Brooke was walking toward them, and with him Dr. Moratuwa, newly outfitted in saffron- colored baggy shorts and T-shirt. They were the work clothes of a Buddhist technician. "Oh, no," Turner said. He dropped his wrench with a thud.

Seria said, "Now you see why I had to leave, don't you? My family locked him up. I had to break adat and help Brooke set him free. It was my obligation, my dharma!"

"I guess that makes sense," Turner said. "But it's gonna take me a while, that's all. Couldn't you have warned me?"

"I tried to! I wrote you on the Net!" She saw he was crestfallen, and squeezed his hand. "I guess the plans broke down. Well, we can improvise."
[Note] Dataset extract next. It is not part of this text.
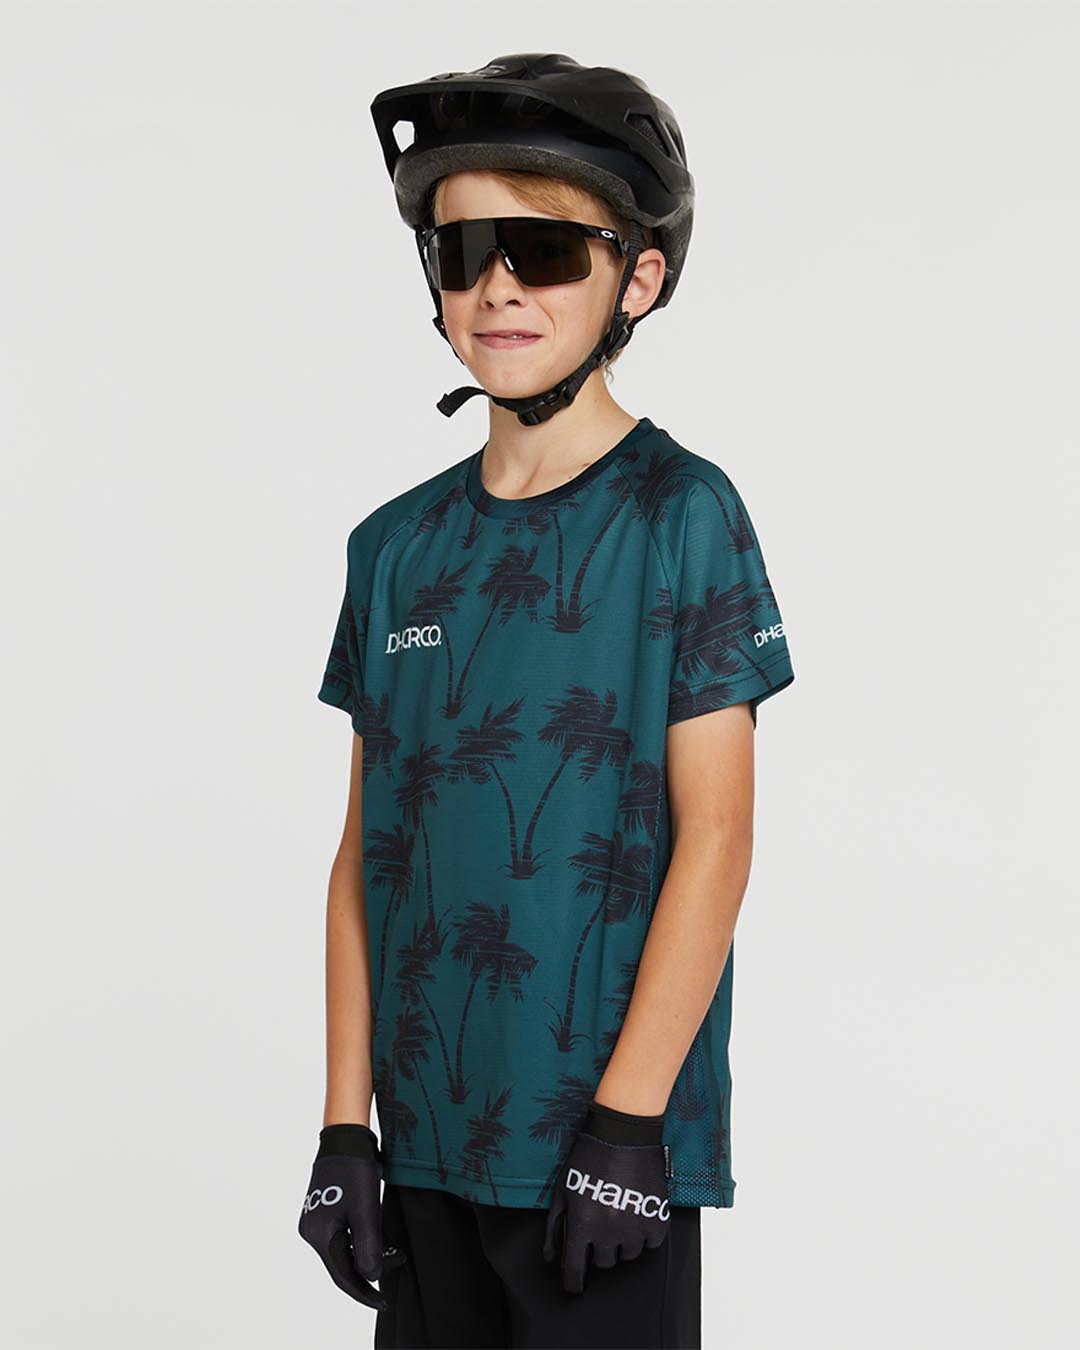 Youth Short Sleeve Jersey | Dust Til Dawn

"Good day, Mr. Choi," said Moratuwa. "It was very brave of you to cast in your lot with us. It was a gallant gesture."

"Thanks," Turner said. He took a deep breath. So they were all leaving. It was a shock, but he could deal with it. He'd just have to start over and think it through from a different angle. At least Seria was coming along.

He felt a little better now. He was starting to get it under control.

Moratuwa sighed. "And I wish it could have worked."

"Your brother's coming," Brooke told Seria gloomily. "Remember this was all my fault."

They had a good head wind, but the crown prince's helicopter came on faster, its drone growing to a roar. A Gurkha palace guard crouched on the broad orange float outside the canopy, cradling a light machine gun. His gold-braided dress uniform flapped in the chopper's downwash.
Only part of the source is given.